Information provided =
»»
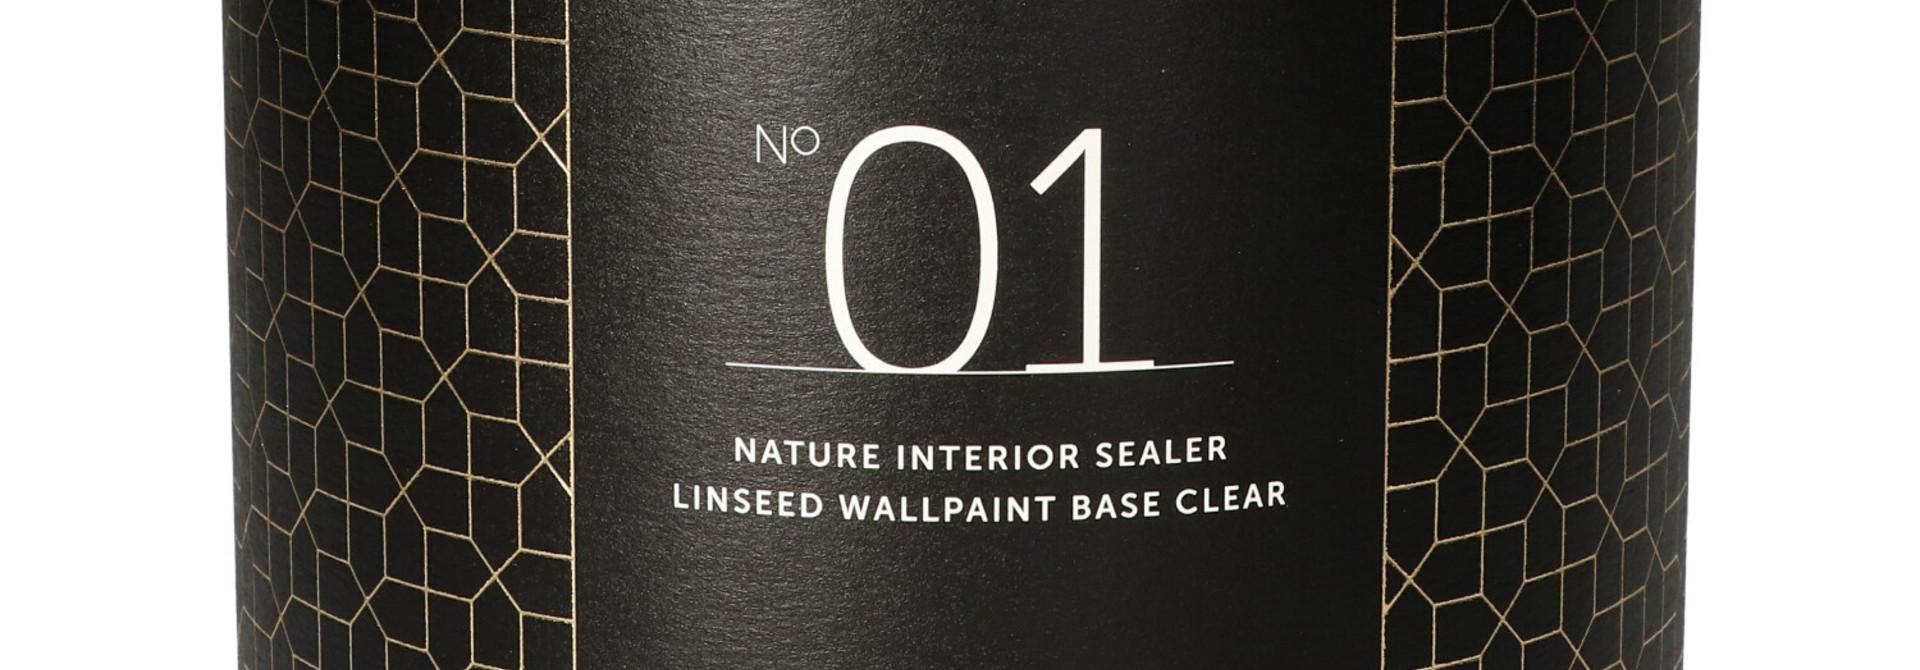 No. 01 NATURE INTERIOR SEALER - 2,5L
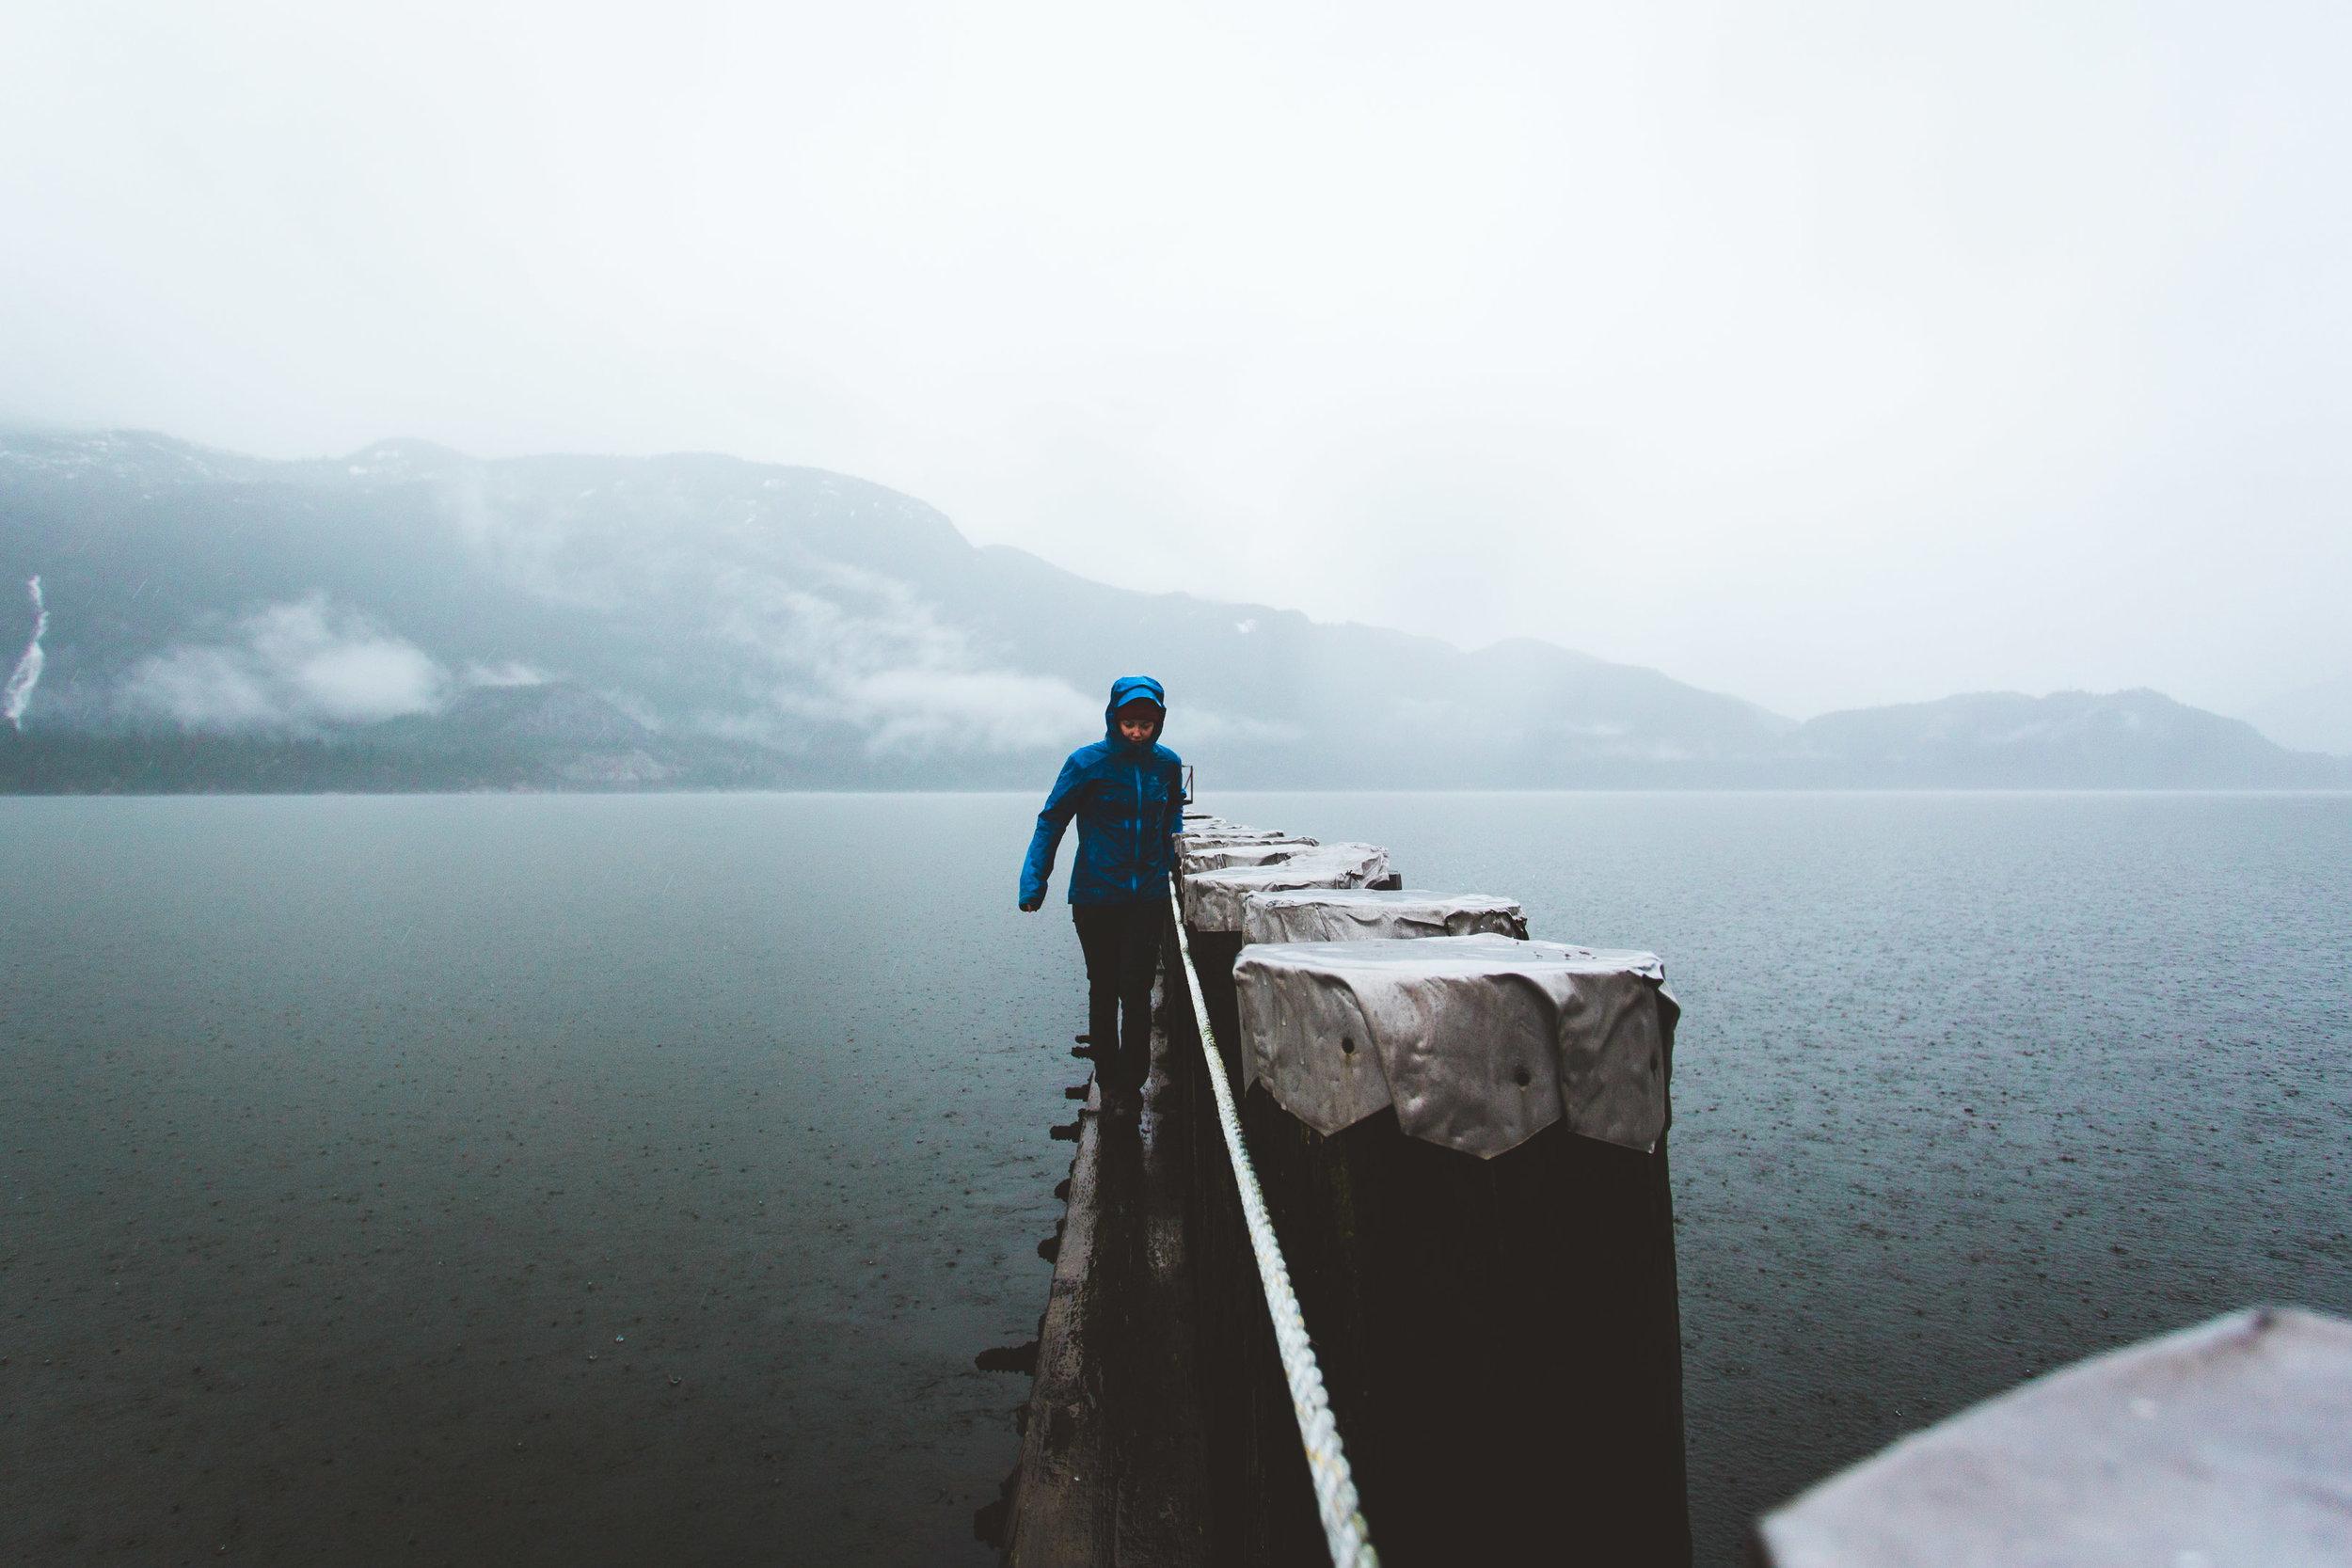 Arcteryx Rain Coat - Squamish
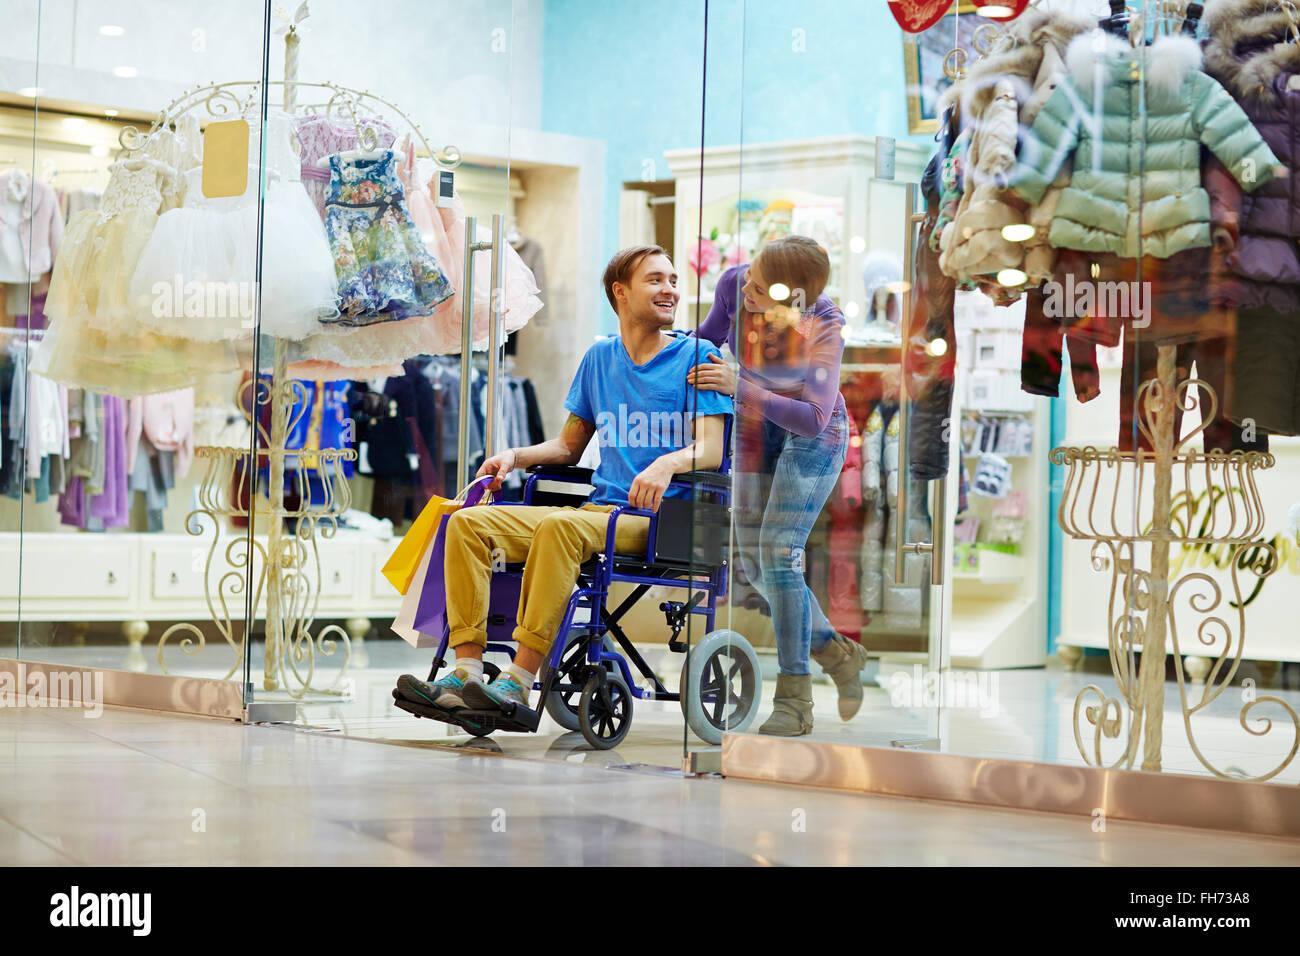 Cuidado chica y su novio desactivar visitando departamento de ropa en el mall Imagen De Stock
««
About this task = Starting at the line that holds "Arcteryx Rain Coat - Squamish", retype every line through the end of the data, both ends included. Pictures stay out of the copy.

Expected answer =
 Arcteryx Rain Coat - Squamish
 Cuidado chica y su novio desactivar visitando departamento de ropa en el mall Imagen De Stock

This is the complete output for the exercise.